President Donald J. Trump meets with @IsraeliPM Netanyahu.
“We had a big meeting with a lot of people… and I think we came to a lot of conclusions.” 🇺🇸🇮🇱 pic.twitter.com/L5WhQN59tA
— The White House (@WhiteHouse) December 30, 2025
Netanyahu: “Incontro produttivo. A Trump il premio Israele”
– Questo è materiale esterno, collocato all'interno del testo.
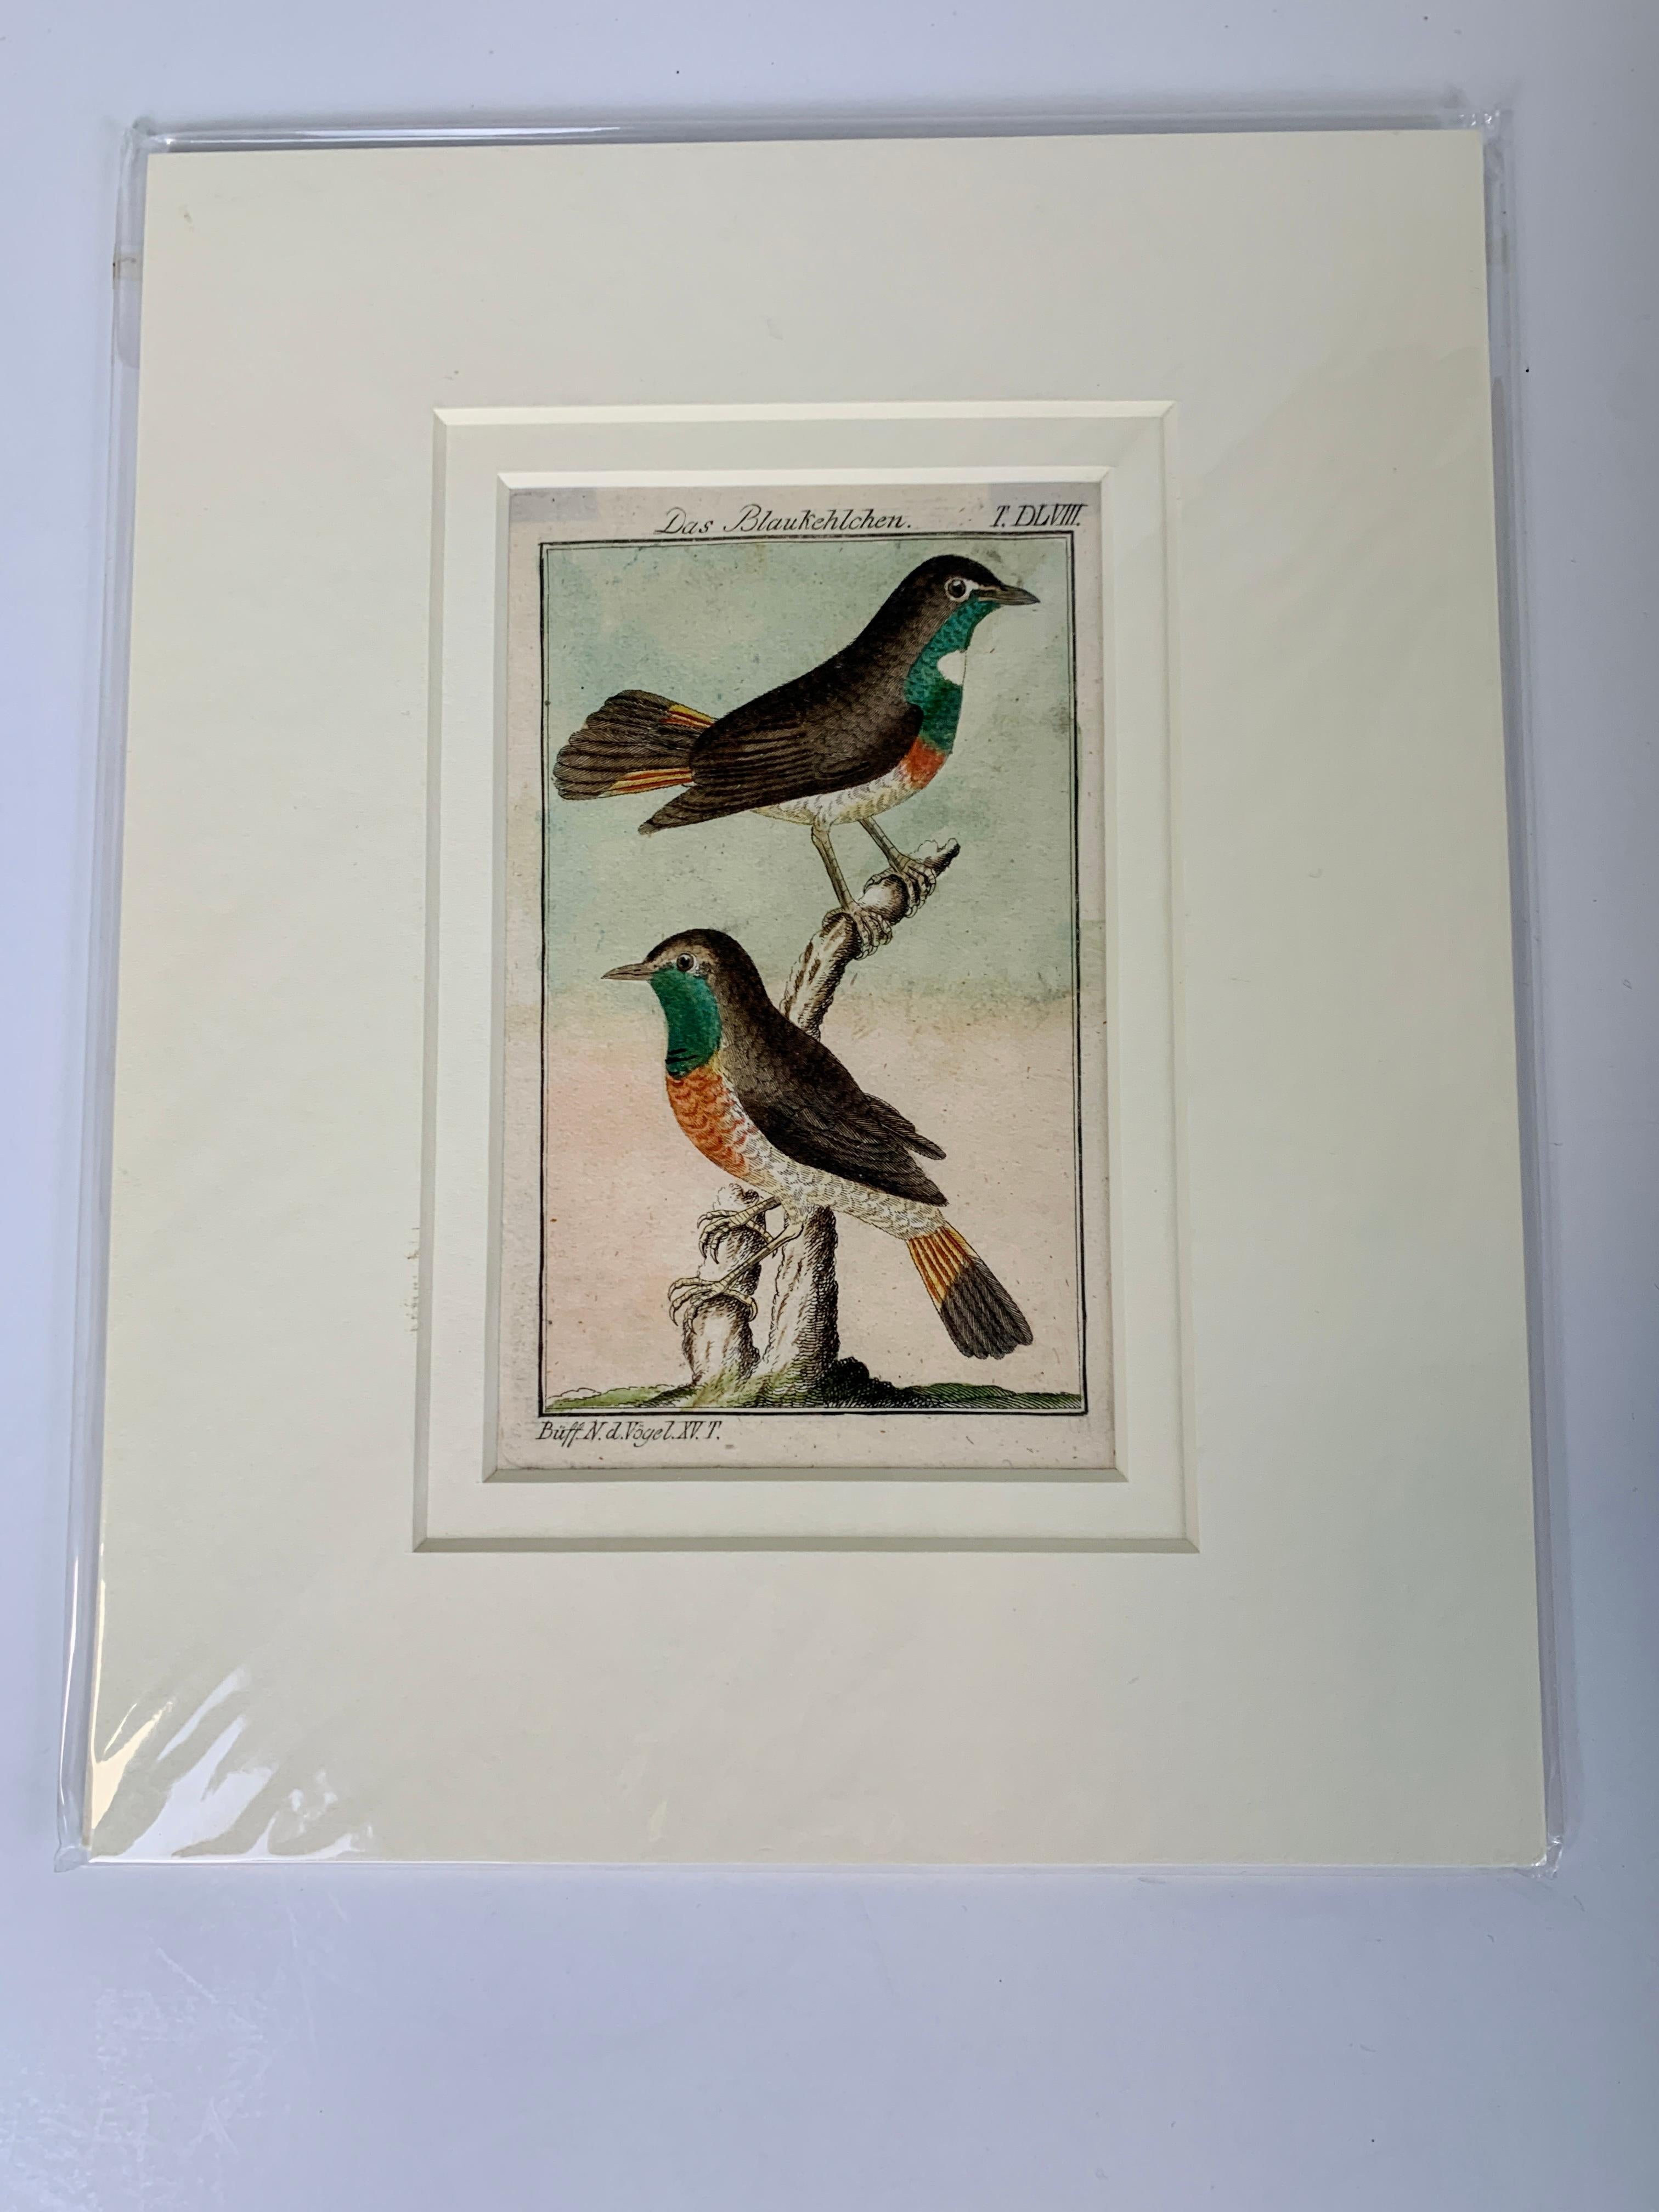 Gravures d'oiseaux françaises colorées à la main 18e siècle par Francois-Nicolas Martinet 3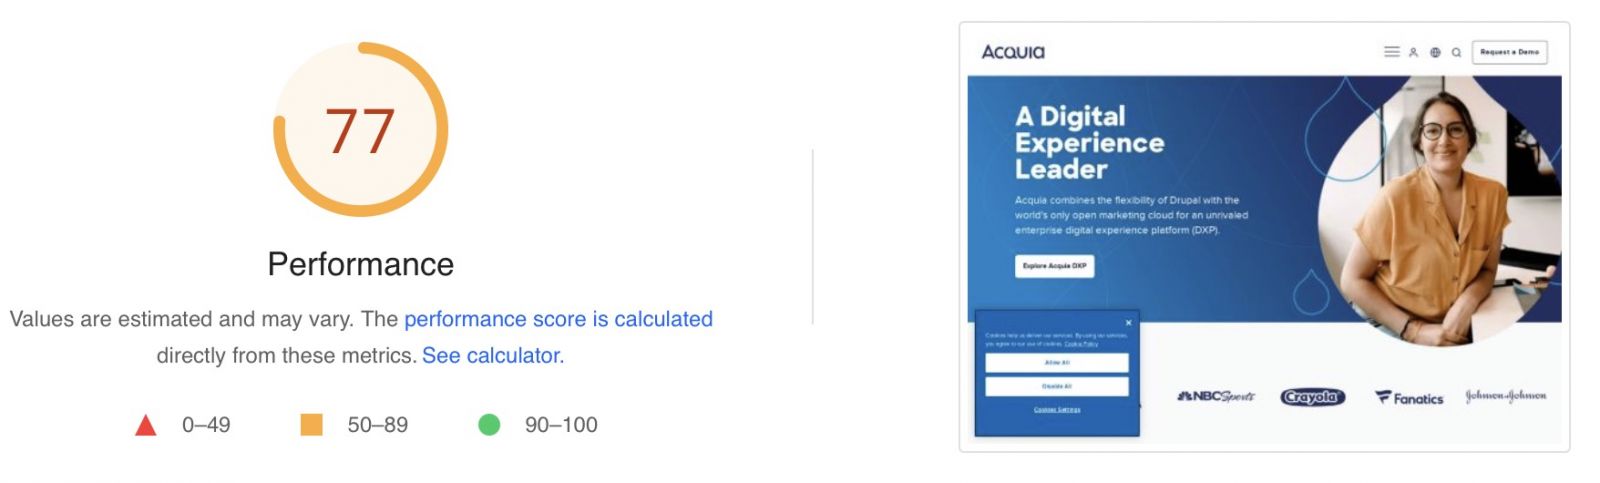 Acquia.com Speedtest Results

Netanyahu ha definito l’incontro “molto, molto produttivo”, ringraziando Trump “per l’amicizia e per il sostegno” e sottolineando che la partnership tra Israele e Stati Uniti è “più forte che mai”. Il premier israeliano ha ribadito più volte che Israele “non ha mai avuto un amico come Trump alla Casa Bianca” e ha annunciato che conferirà al presidente americano il Premio Israele “per il suo straordinario contributo a Israele e al popolo ebraico”. Secondo quanto riferito, si tratterà della prima volta che il riconoscimento viene assegnato a uno straniero. La consegna è prevista durante una futura visita di Trump in Israele, in occasione del Giorno dell’Indipendenza, tra aprile e maggio.

Prima del colloquio, Trump aveva definito Netanyahu “un ottimo premier” e un “eroe di guerra”, arrivando a dire che senza di lui “Israele oggi non esisterebbe” e auspicando anche una grazia nel suo processo penale. Il presidente americano ha inoltre promesso il massimo impegno degli Stati Uniti per recuperare i resti di Ran Gvili, l’ultimo ostaggio israeliano ancora nelle mani di Hamas: “Faremo tutto il possibile per riportarli indietro”.
Trump spinge ma lo stallo permane
L’incontro di Mar-a-Lago è il quinto tra Trump e Netanyahu da quando il presidente statunitense è tornato alla Casa Bianca. Washington avrebbe voluto sfruttare il vertice per spingere sulla seconda fase del cessate il fuoco a Gaza, che prevede la fine del controllo di Hamas sulla Striscia, la ricostruzione sotto supervisione internazionale, la creazione di una forza di sicurezza multinazionale e un percorso di normalizzazione tra Israele e il mondo arabo, con possibili prospettive per uno Stato palestinese. Al momento, però, Israele e Hamas non hanno formalizzato alcun impegno sulla nuova fase e continuano ad accusarsi reciprocamente di violazioni della prima.

Per Netanyahu, il sostegno americano resta cruciale non solo sul piano internazionale, ma anche su quello interno. Il premier guarda alle elezioni del 2026 con una coalizione indebolita da profonde divisioni e da due anni di guerra che hanno segnato la società israeliana. I dossier di Gaza, Hezbollah e Iran restano centrali, mentre sul fronte libanese Israele minaccia di riprendere un’offensiva su larga scala se il governo di Beirut non rispetterà la scadenza di Capodanno per il disarmo di Hezbollah, che dal canto suo ha già escluso di deporre le armi finché continueranno i raid dell’Idf nel sud del Paese.